WB execs contend that the competing formats create confusion that is keeping either format from mass acceptance. But, they say Blu-ray has been the clear consumer winner so far and going with that format makes the most sense going forward. That flies a bit in the face of facts given that Adams Media Research predicted Toshiba would be in the sales lead at the end of 2007.

This could well be the negative tipping point for Toshiba. As BW pointed out last month, WB’s decision would mean the bulk of HD titles will be in Blu-ray—pushing the number to roughly 70 percent from, 49 percent. BW suggested at the time that Warner would follow Disney (NYSE: DIS) to Blu-ray. Meanwhile, Toshiba still has deals with Dreamworks and Paramount.

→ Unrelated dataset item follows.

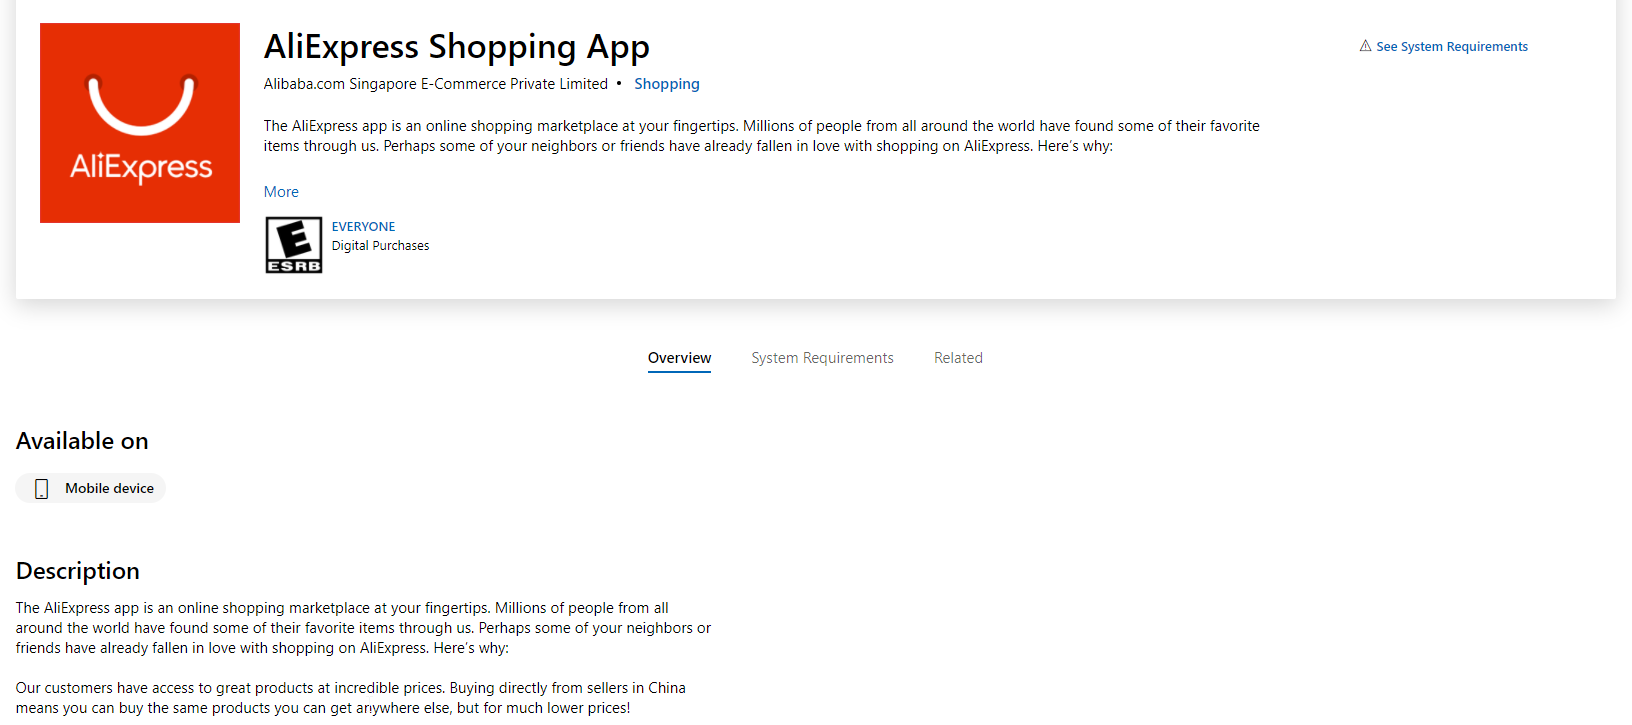 The AliExpress Windows shopping app

If LG (SEO: 066570) could bring the price down on its combo model, that would really give consumers a choice.

Update: Toshiba says it was “quite surprised by Warner Bros.’ decision to abandon HD DVD in favor of Blu-ray, despite the fact that there are various contracts in place between our companies concerning the support of HD DVD.” In addition, the company says HD DVD players and PCs outsold Blu-ray in the U.S. Toshiba “will assess the potential impact” with its HD DVD partners. However, as Engadget reports, the HD DVD group has canceled its CES press conference. 

Posted in: Companies, Sony, Time Warner, Entertainment, Movies, DVD, Technologies/Formats


Related Research from Alacrastore.com

3 Responses:
  • From Davy Jones Fri 04 Jan 2008 04:48 PM

    Expect Paramount and Universal to act like the proverbial rats on a sinking ship.

  • From sue Fri 04 Jan 2008 05:27 PM

    yippee were all going to be so gratefull when sony tie us all into regional codings sony codings lack of choice overpriced players loss of compertition
    outdated firmware on older specs overpriced manafacturing of bluray discs meaning the price will never be in line with standard dvds.
    and all the fence sitters can pat themselves on the back for bowing to the big boys who want it all hooray hooray hooray

  • From Tycho Tue 08 Jan 2008 07:24 AM

    “That flies a bit in the face of facts given that Adams Media Research predicted Toshiba would be in the sales lead at the end of 2007”

    Since when is a prediction a fact? The fact is that in 2007, Blu-Ray movie titles outsold HD-DVD titles by 2:1 in the US and 3:1 in Europe. So it is your reporting that flies in the fact of the facts.